Predicting the diverse metabolic activities of the microbiome

Researchers at Harvard demonstrate that much of the biochemical environment of a microbial community can be inferred from its structure

Published in Microbiology

Jul 17, 2019

Himel Mallick, PhD, FASA

Principal Investigator and Tenure-track Faculty, Cornell University

Predicting the diverse metabolic activities of the microbiome

Liked by Cesar Sanchez

Read the paper

I was a Ph.D. candidate of Biostatistics at the University of Alabama at Birmingham when I read the first article on a tool called PICRUSt - a new computational method that predicts the functional capacity of a microbial community's metagenome from single marker genes (e.g. the 16S ribosomal RNA gene). I was energized by the finding of the paper, i.e. the ability to infer probable functions across many samples from relatively inexpensive 16S data, but was even more excited by the greater consequence of extending this idea beyond gene functions to small molecules - the molecular basis of host-microbiome chemical interactions.

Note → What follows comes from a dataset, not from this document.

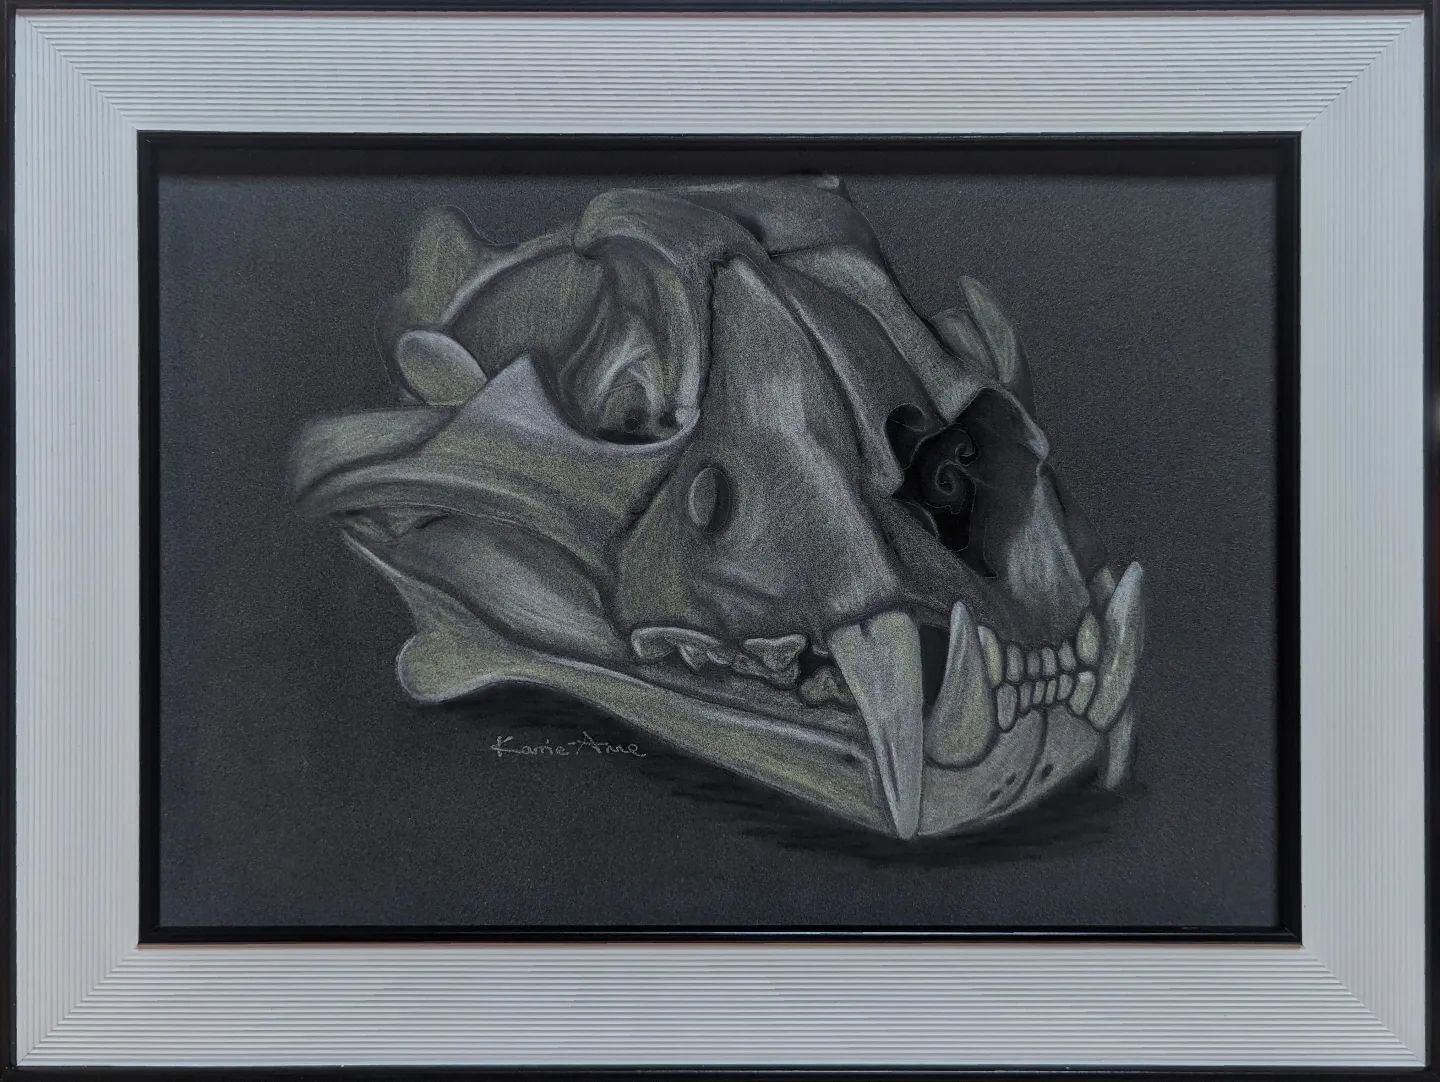 Tiger skull charcoal and pastel sketch. Using a long time favourite @derwentartofficial pastel and charcoal pencils.

#charcoalandpastel #skull #charcoalsketch #lincolnshireartish #tiger #sketch

Specifically, inferring the capacity of a microbial community to produce molecules seemed like a promising next step toward the goal of understanding how and why microbiome metabolism affects human health. Microbiome multi-omics was still in its infancy back in 2013, however, and among other obstacles, it was difficult to obtain samples in a format compatible with multiple assays (e.g. metabolomics and metagenomics), as well as costly to generate the associated data. From a computational standpoint, easily identifying these associations purely based on enzymatic roles was also greatly limited by the yet unsaturated reference databases of gene-metabolite-reaction relations.

Things started moving in 2014 when the second phase of the NIH Human Microbiome Project, the Integrative Human Microbiome Project (iHMP or HMP2) was announced. Previous studies had shown strong relationships between microbial sequence features and metabolic abundances, but these studies were limited in scale and scope. HMP2’s population-scale multi-omics profiles offered us a means to re-formulate this problem in a systems biology framework by taking advantage of these potential biological relationships in the freshly generated data from the iHMP cohort.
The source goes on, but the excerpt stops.